**TASK REQUIREMENTS**
Look for the line with "3D scanned using Agisoft Photoscan 3d model"; please transcribe it and every later line in the entries exactly, up to the end, leaving pictures out.

**SUPPLIED MATERIAL**
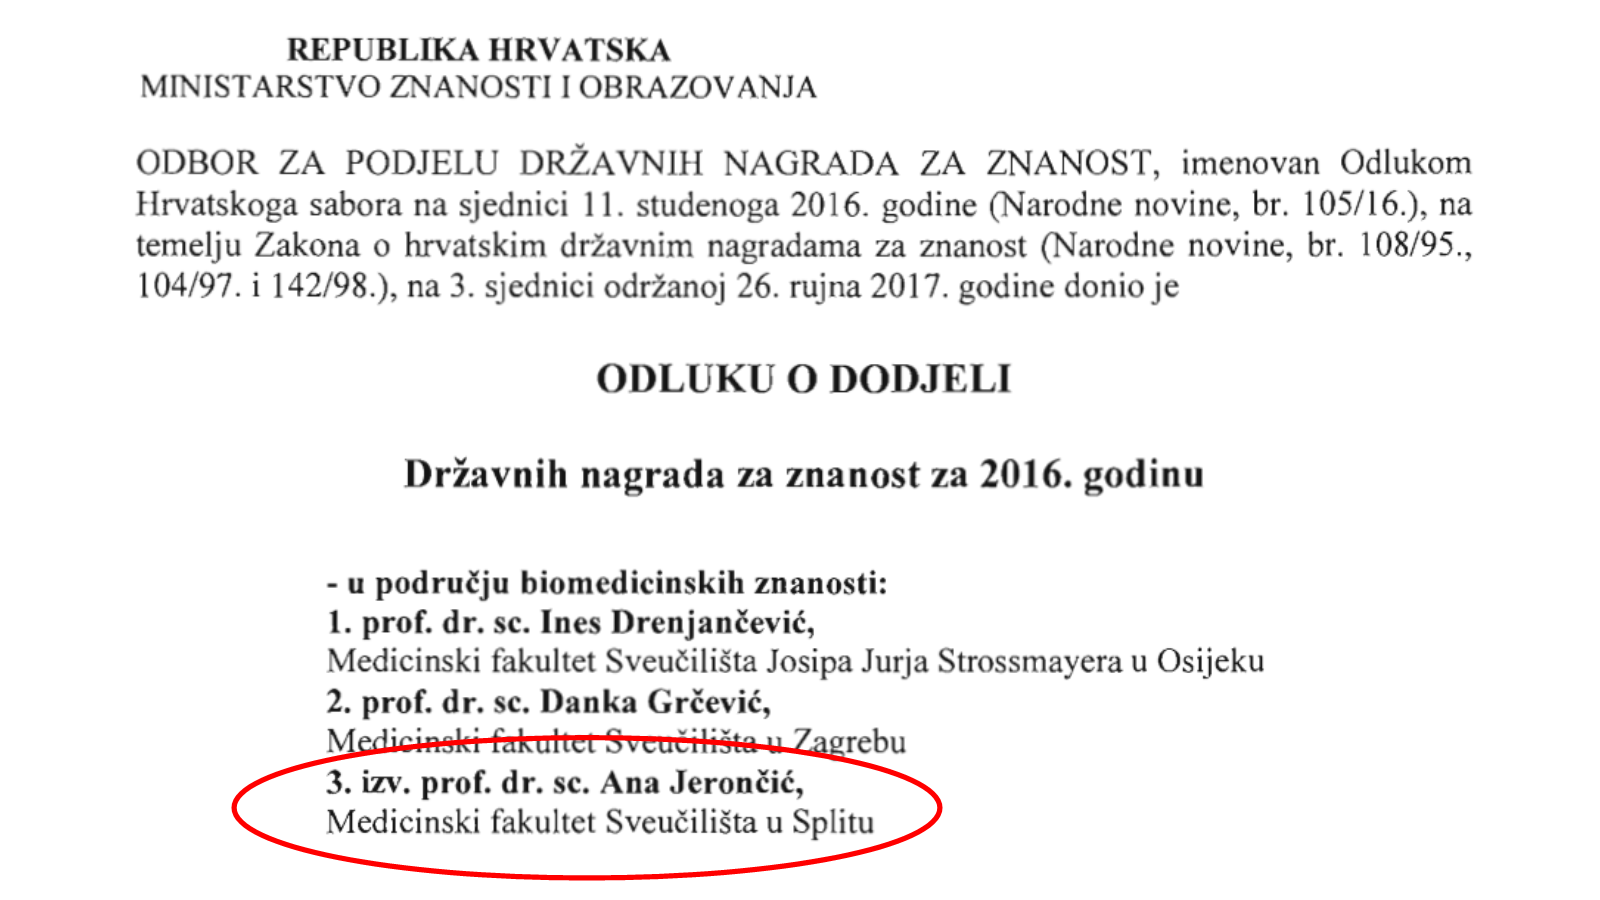 Državna nagrada za znanost za 2016. za izv. prof. dr. sc. Anu Jerončić
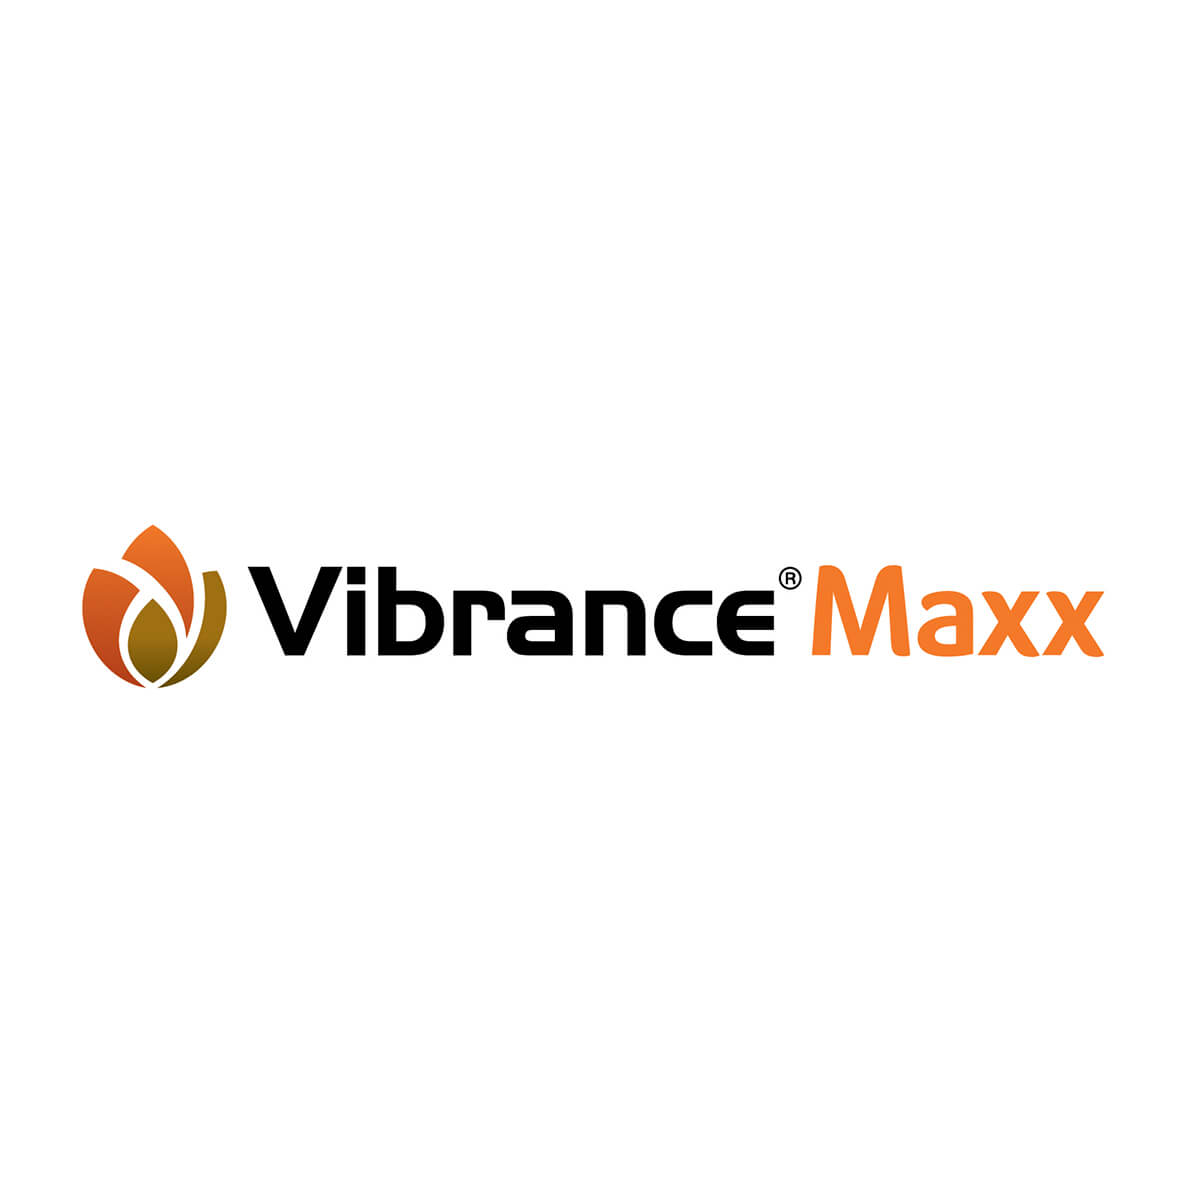 VIBRANCE MAXX RFC 56.78L
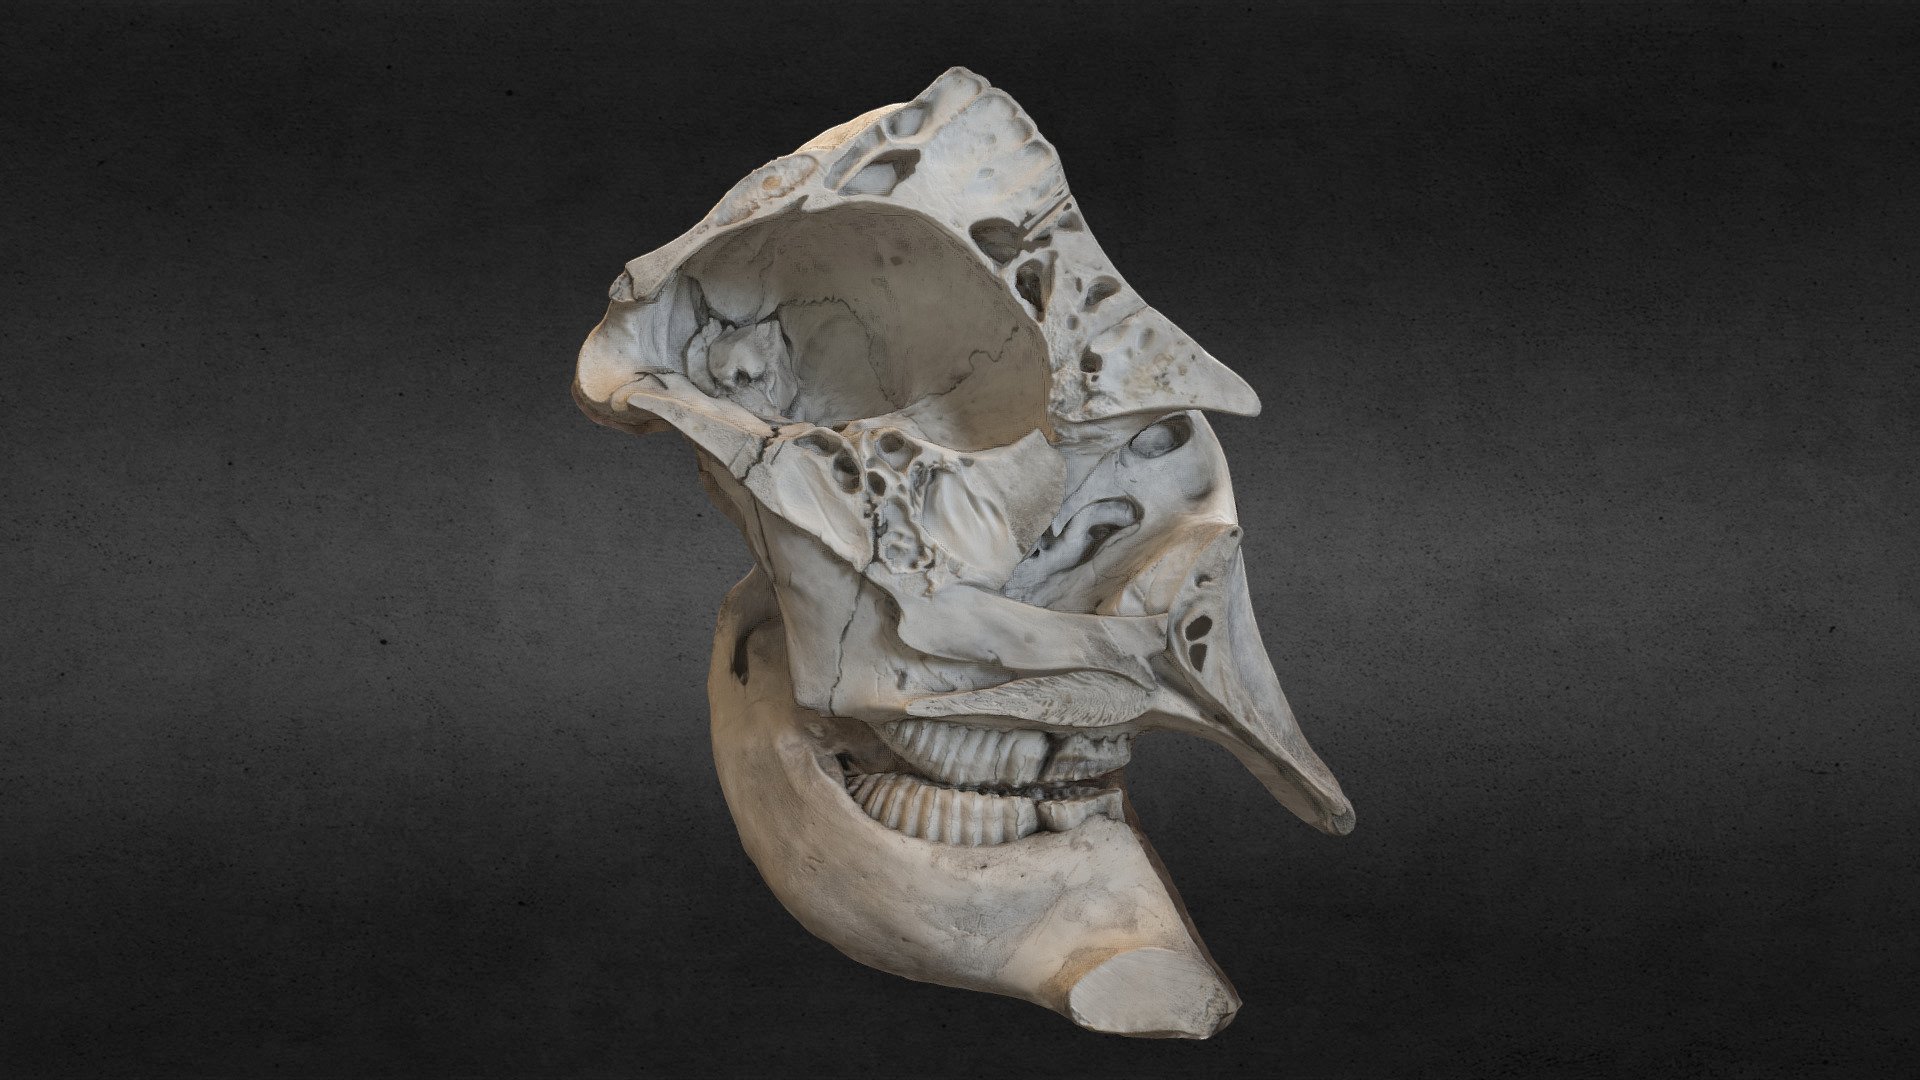 Museum National d'Histoire Naturelle, Paris, France. Asian Elephant.

3D scanned using Agisoft Photoscan 3d model
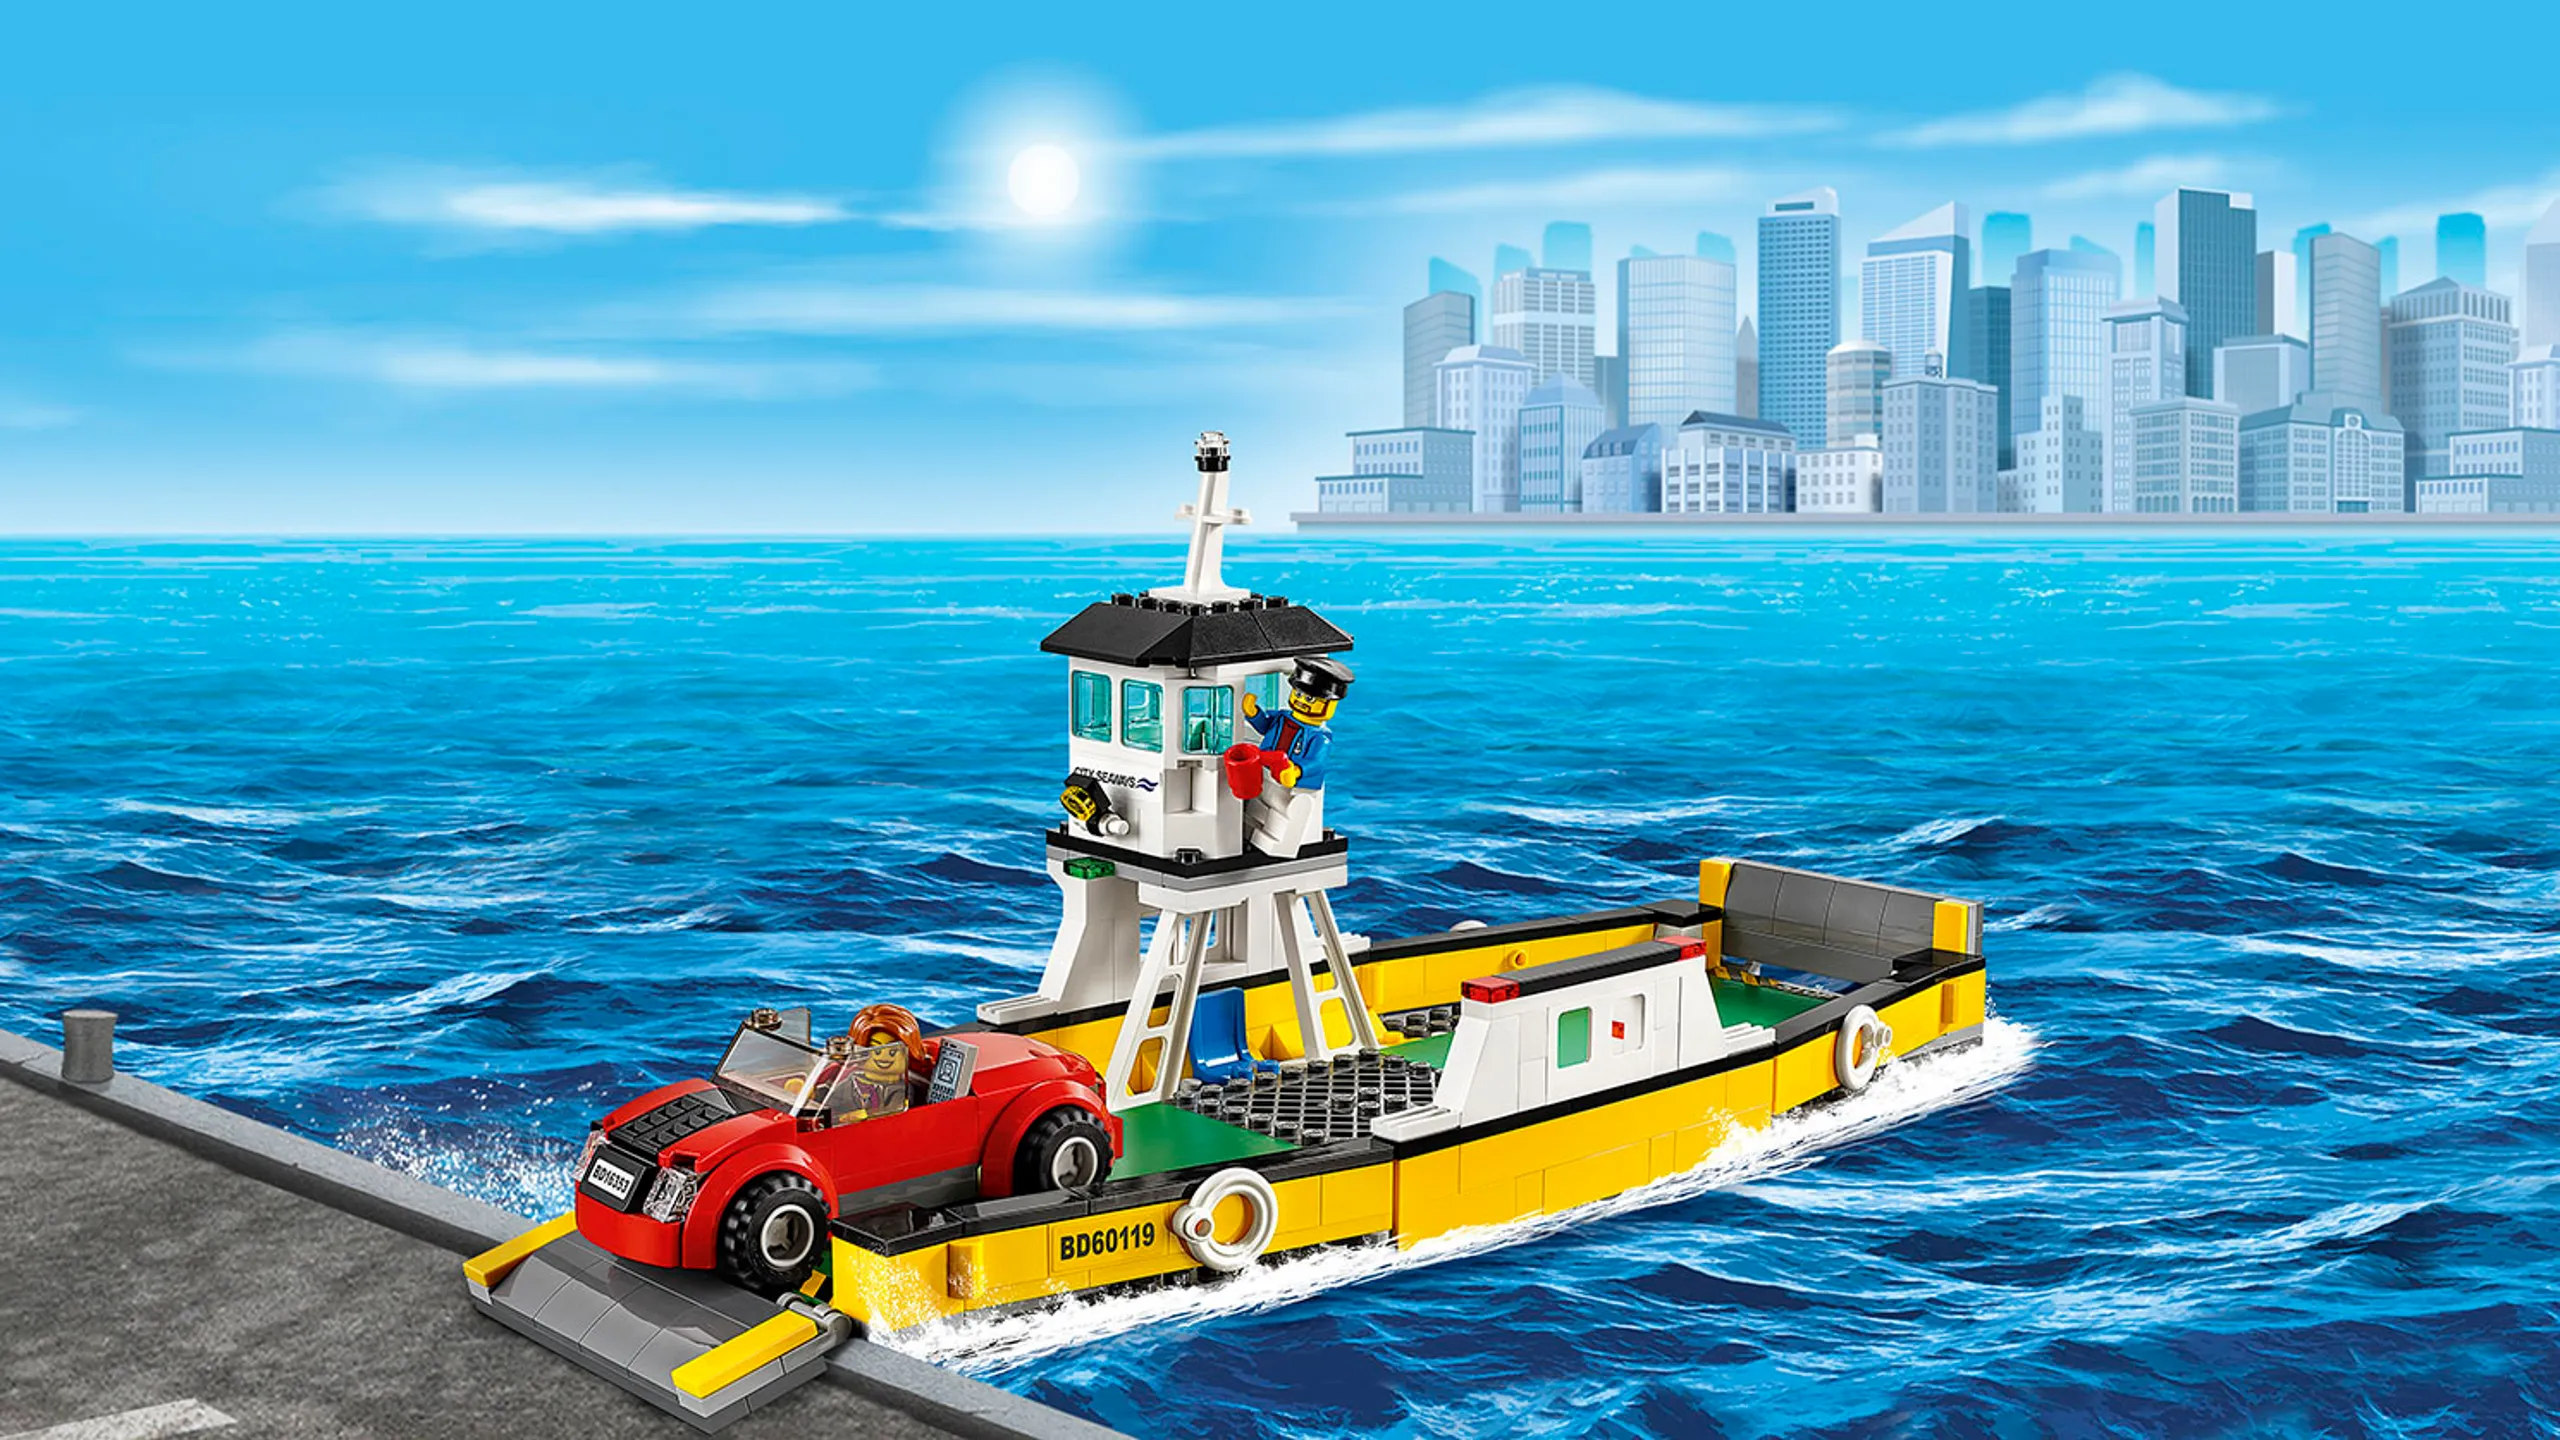 Superpojazdy LEGO City: samochód wjeżdżający na prom —Prom 60119

**ANSWER SECTION**
3D scanned using Agisoft Photoscan 3d model
 Superpojazdy LEGO City: samochód wjeżdżający na prom —Prom 60119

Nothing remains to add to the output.